## ACTION ITEM:
Exactly the lines below from the line with "RH Yoder Parkland Chairs" through the line with "Grass length image near Bartlett, TN." must make up the answer, both ends included and pictures left out.

## RECORDED INFORMATION:

________

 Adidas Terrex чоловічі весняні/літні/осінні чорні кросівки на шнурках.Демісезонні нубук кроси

________

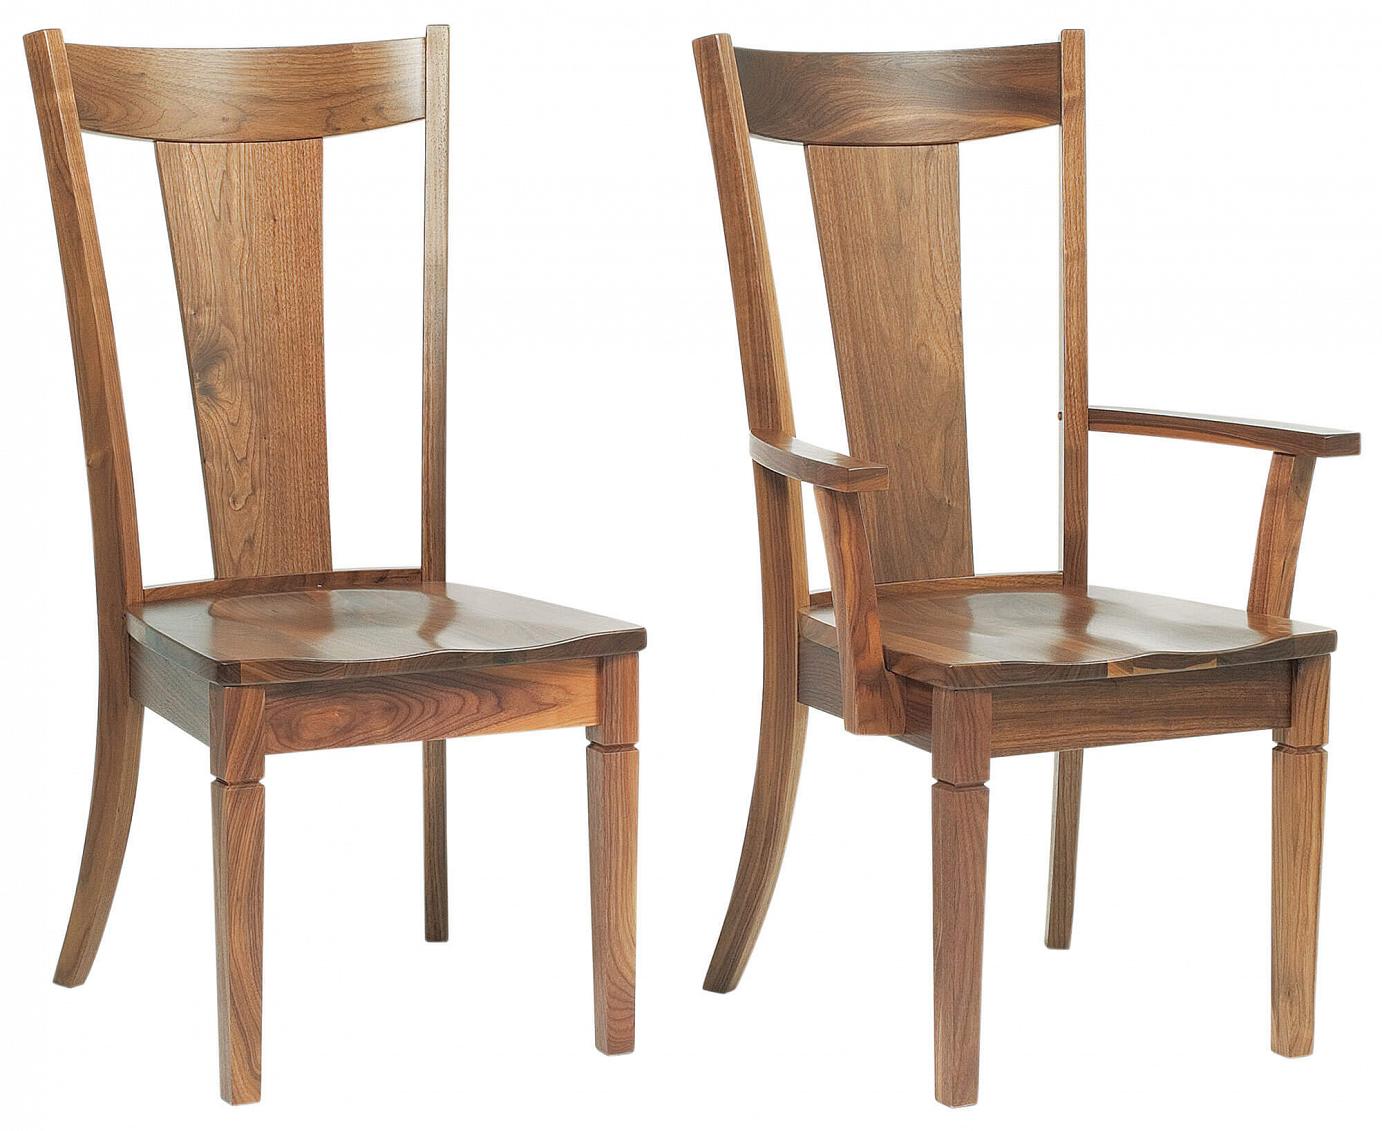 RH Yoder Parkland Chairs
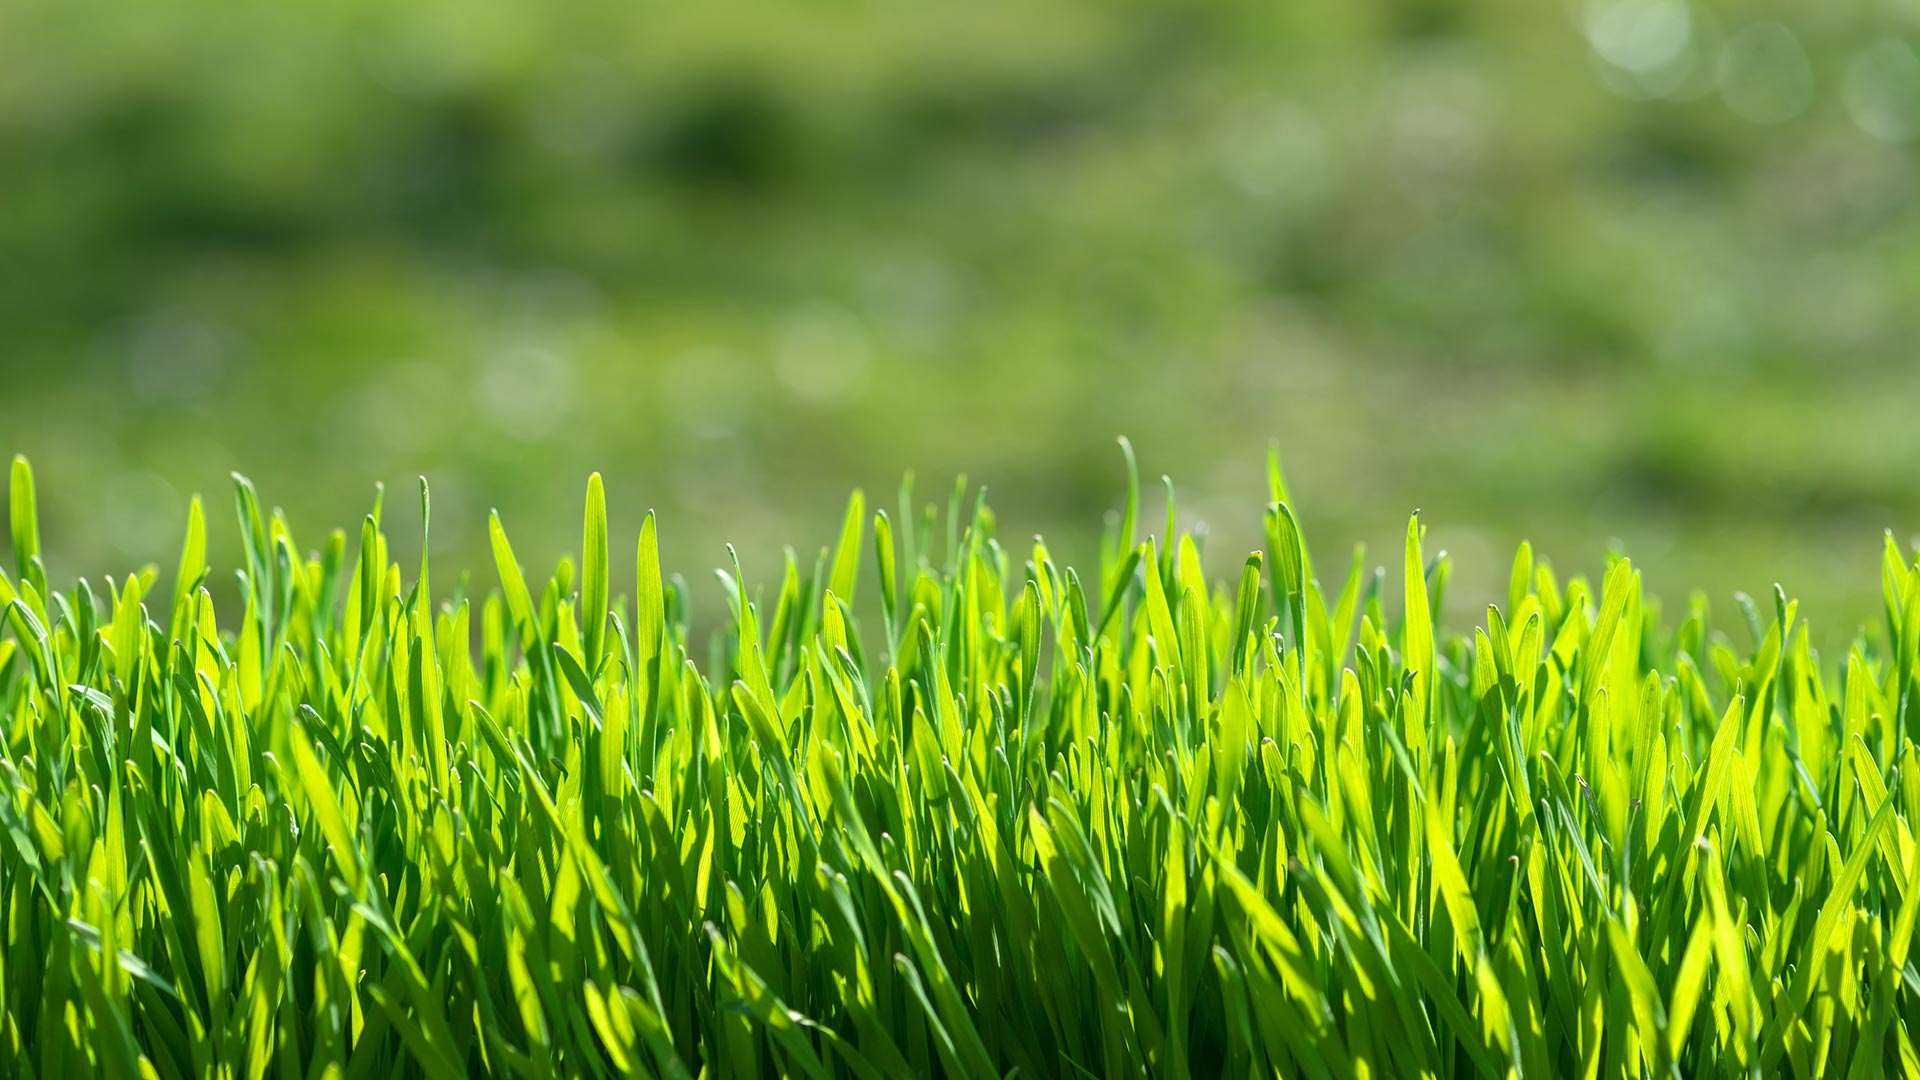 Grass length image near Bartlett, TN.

________

## ANSWER TO THIS EXERCISE:
 RH Yoder Parkland Chairs
 Grass length image near Bartlett, TN.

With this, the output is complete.